Browns' head coach tests positive for COVID-19
The head coach for the Cleveland Browns, Kevin Stefanski, has tested positive for COVID-19, the Browns announced in a Twitter statement Tuesday.
The football team's contingency plan is to have special teams coordinator Mike Priefer serve as acting head coach. The news comes just before the Browns' first NFL playoff game in 18 years on Sunday.
In addition to Stefanski, two coaching staff members and two players tested positive. The team's facility is currently closed for contact tracing purposes.
-ABC News' Michael Kreisel contributed to this report.
Los Angeles County ambulances told not to transport patients with low chance of survival
As hospitals across Los Angeles County reach capacity, ambulance crews have been told not to transport patients with little chance of survival.
The Los Angeles County Emergency Medical Services Agency issued the order Monday with immediate effect, saying "adult patients in blunt traumatic and nontraumatic out-of-hospital cardiac arrest" shall not be brought to the hospital if they cannot be resuscitated in the field due to the "severe impact" of the coronavirus pandemic on the health care system. That includes victims of heart attacks, gunshot wounds, stabbings and car crashes.
Los Angeles County has the highest tally of confirmed COVID-19 cases and deaths of any county in the United States, according to a real-time count kept by Johns Hopkins University.
Data posted by the Los Angeles County Department of Public Health shows there were 7,697 people who remained hospitalized with COVID-19 on Monday.
Arizona has world's highest rate of COVID-19, data shows
Arizona currently has the highest rate of COVID-19 infections per capita of anywhere in the world, according to a graph created by 91-DIVOC, which used data collected by Johns Hopkins University.

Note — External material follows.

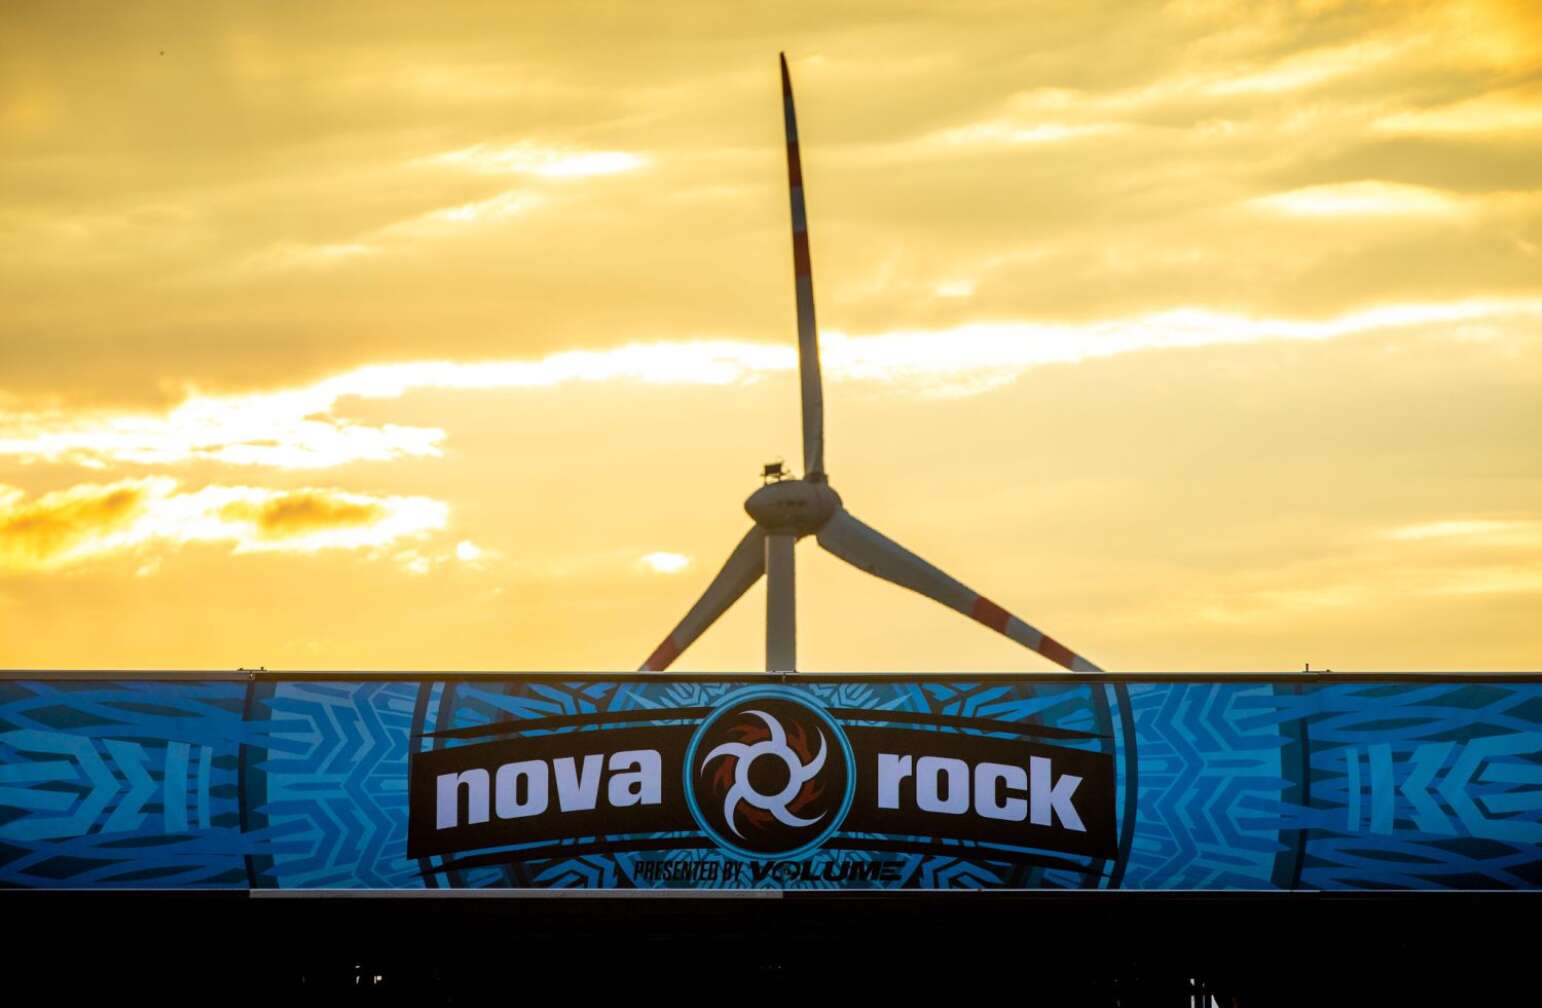 Nova Rock-Banner und Windrad im Hintergrund

91-DIVOC is an online data visualization project created by Wade Fagen-Ulmschneider, a teaching associate professor of computer science at the University of Illinois at Urbana-Champaign. The graph, which is updated daily with data collected by Johns Hopkins University, shows that the southwestern U.S. state has an average of 112.1 newly confirmed cases per 100,000 people a day over the past week.

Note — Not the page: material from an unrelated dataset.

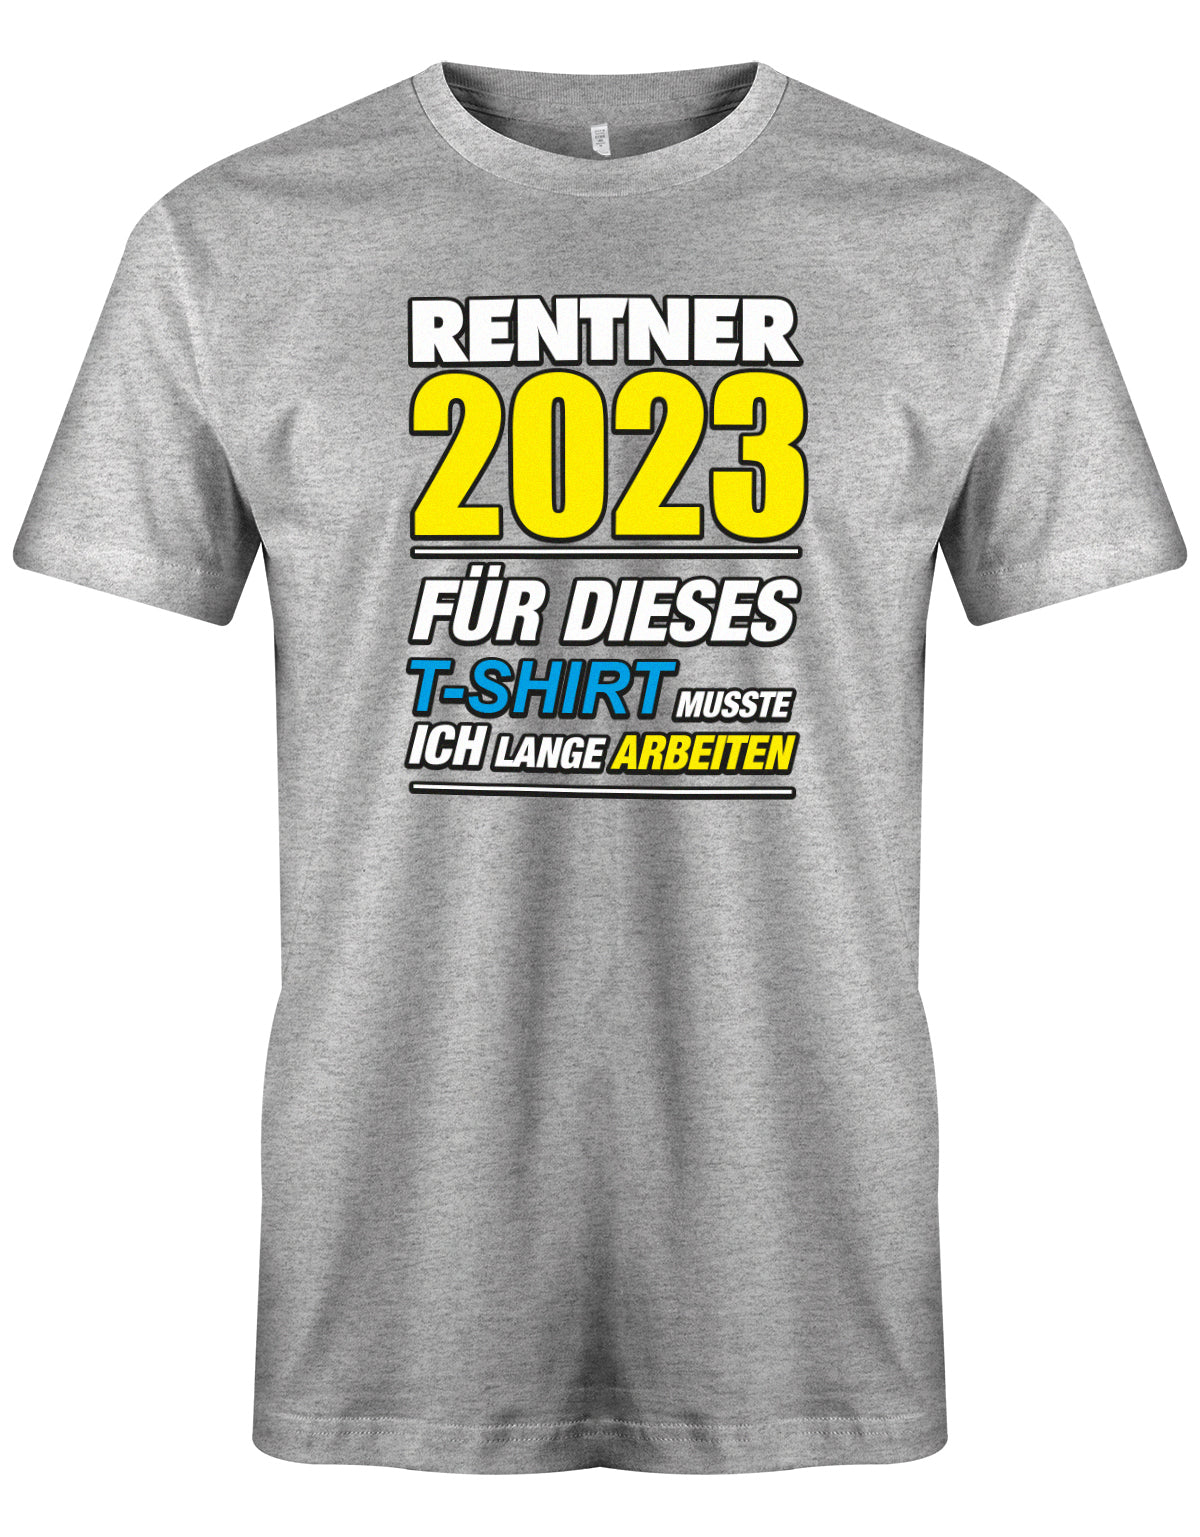 Rentner 2023 für dieses T-Shirt musste ich lange arbeiten - Männer T-Shirt Grau

Meanwhile, the Czech Republic has the highest infection rate of any country, with a seven-day average of 96.7 new cases per 100,000 people a day. The United States as a whole has a seven-day average of 65.4, the sixth highest of any country, the graph shows.
Arizona's Department of Health Services has reported more than 561,000 confirmed cases of COVID-19 since the start of the pandemic, including over 9,000 deaths. The state has seen a surge in new cases over the past week, which would account for the per capita ranking, according to ABC Phoenix affiliate KNXV.